Step 3: Change the authentication method for root
Our goal is to have the root user authenticate to MySQL with a password. To do this, run the following command, which will have the root user identified by a mysql_native_password. Please remember that this password must be very strong.
mysql> ALTER USER 'root'@'localhost' IDENTIFIED WITH mysql_native_password BY 'password';
From now on, your root user will no longer have the password you specified when running the provided security script, but the strong password you specified in the above command.
Step 4: Reload grant tables
Now it’s time to tell the server to use the new permission settings from now on. Run the following command at the MySQL command prompt to reload the grant tables and register your changes:
mysql> FLUSH PRIVILEGES;
Step 5: Recheck authentication method for MySQL users
Now, if you recheck the authentication method for your MySQL user accounts using the following command, you will see that your root user is now using the mysql_native_password plugin for authentication:
mysql> SELECT user,authentication_string,plugin,host FROM mysql.user;
Now that your root user is set up to connect to the MySQL shell with a secure password, you can exit the shell with the exit command as follows:
Testing if MySQL is running
To test whether MySQL is running on your system or not, you can use one of the following methods:
Method 1: Check the status of mysql.service
After you install MySQL on your system, mysql.service should most likely be running automatically. The output of the following command should verify the active status of the service:
$ systemctl status mysql.service
If for some reason the service is not running, you can use the following command as sudo to start the service:
$ sudo systemctl start mysql
You can use the following command to stop the service again if needed:
$ sudo systemctl stop mysql
Method 2: By connecting to MySQL Admin as root and running any administrative command
MySQL Admin is a client that allows you to perform administrative operations on MySQL. As an example, let’s run one of the administrative commands over it to check if the system is running properly and our root is configured to do so.

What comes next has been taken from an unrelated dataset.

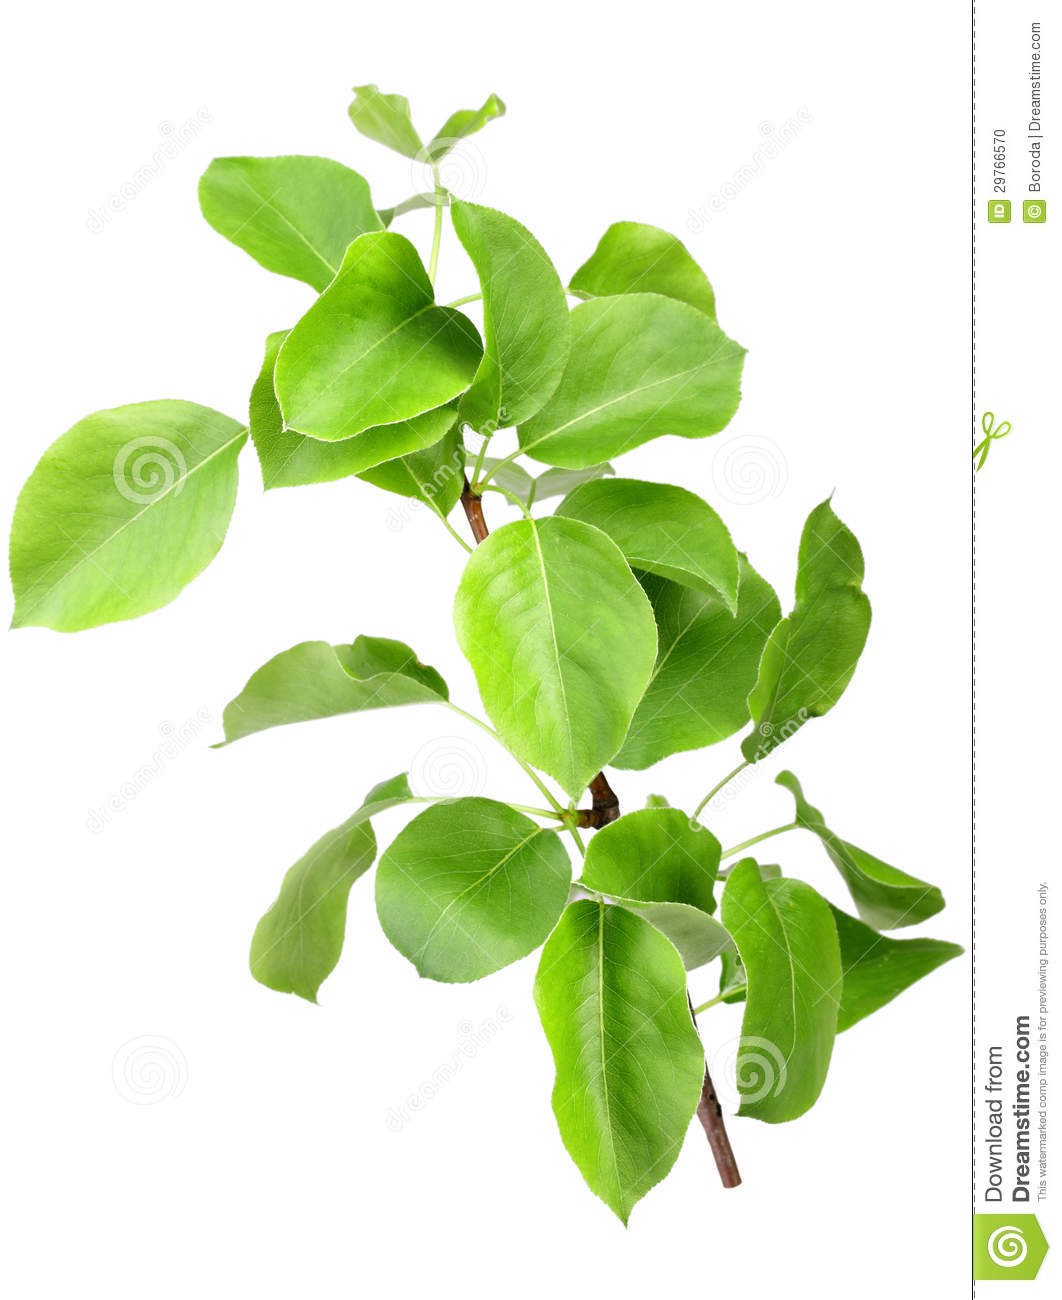 Single Young Sprout Of Apple Tree With Green Leafs  Isolated On White
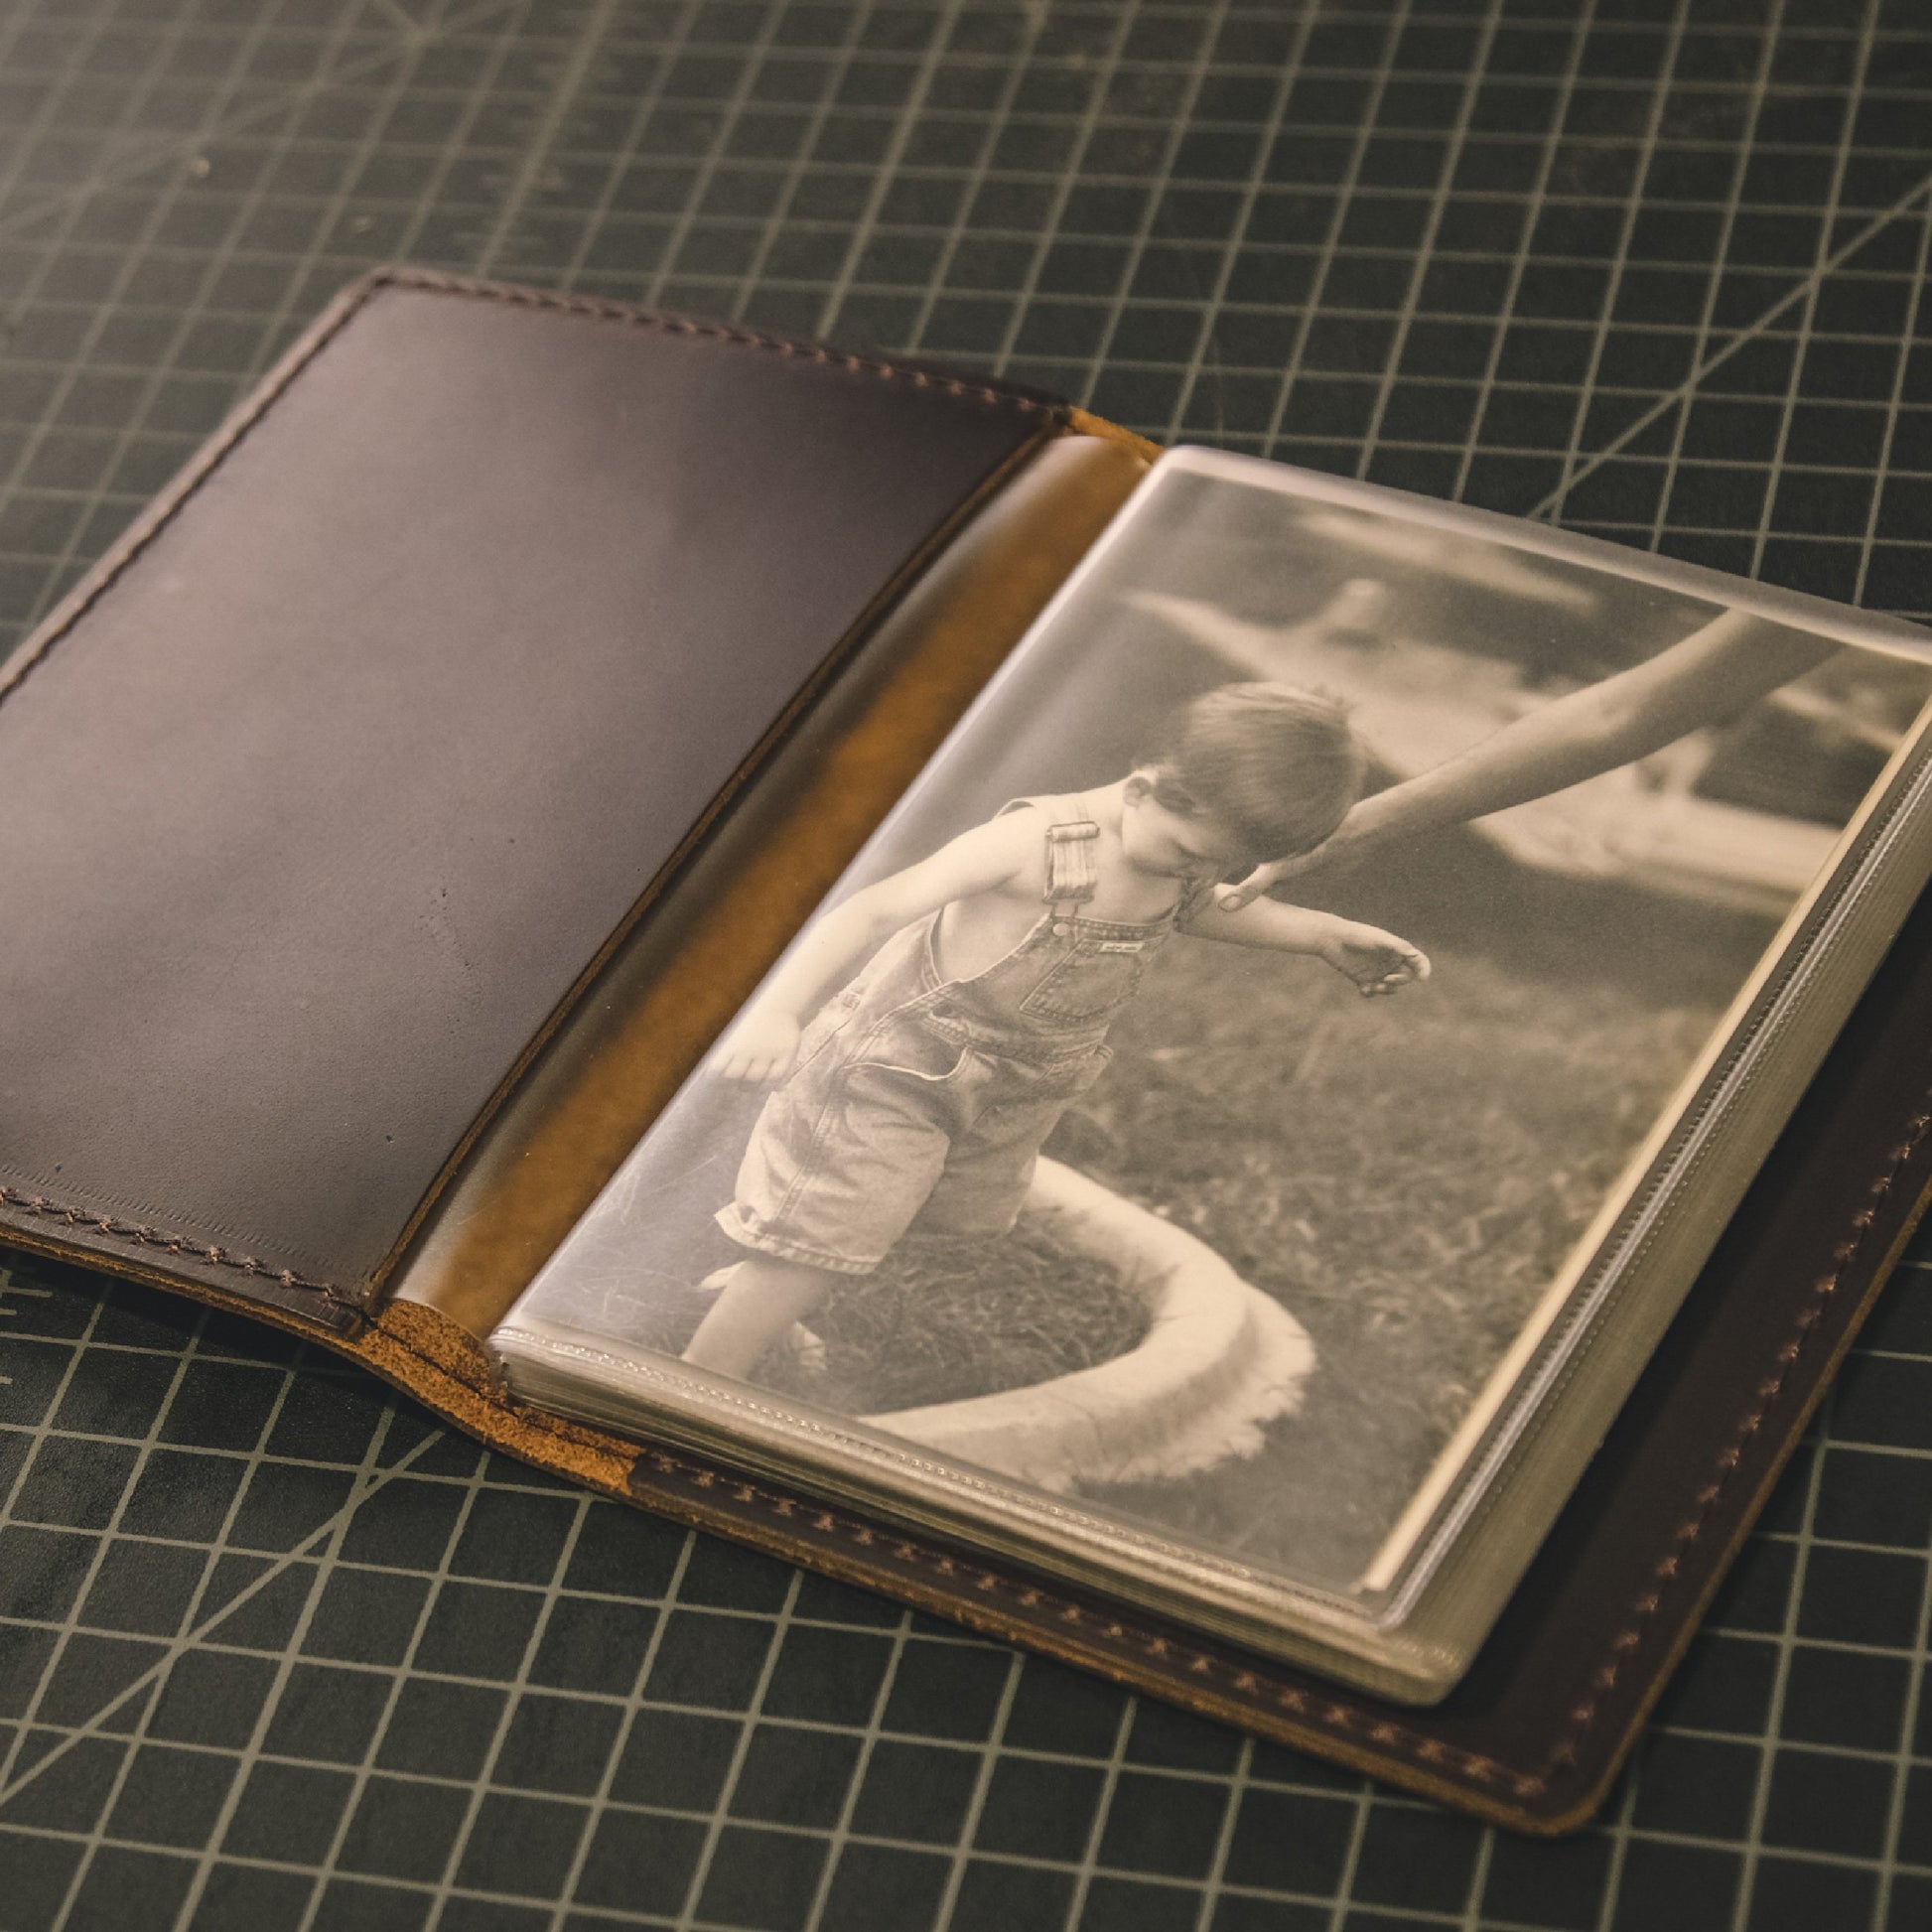 Small Photo Album 4x6 Holds 24 Ideal for Personalized Photos or Photobook (Green)

$ sudo mysqladmin -p -u root version
This command is to connect to MySQL as root, get the root password, and then return the MySQL admin version number.
If the command does what it is supposed to do and produces output similar to the above, you can be sure that your MySQL is up and running.
The process of installing and setting up MySQL on Ubuntu may seem cumbersome to some, especially when using the command line. However, if you carefully follow the above steps one by one, you will have no problems having a reliable, secure and stable installation of MySQL running on your Ubuntu.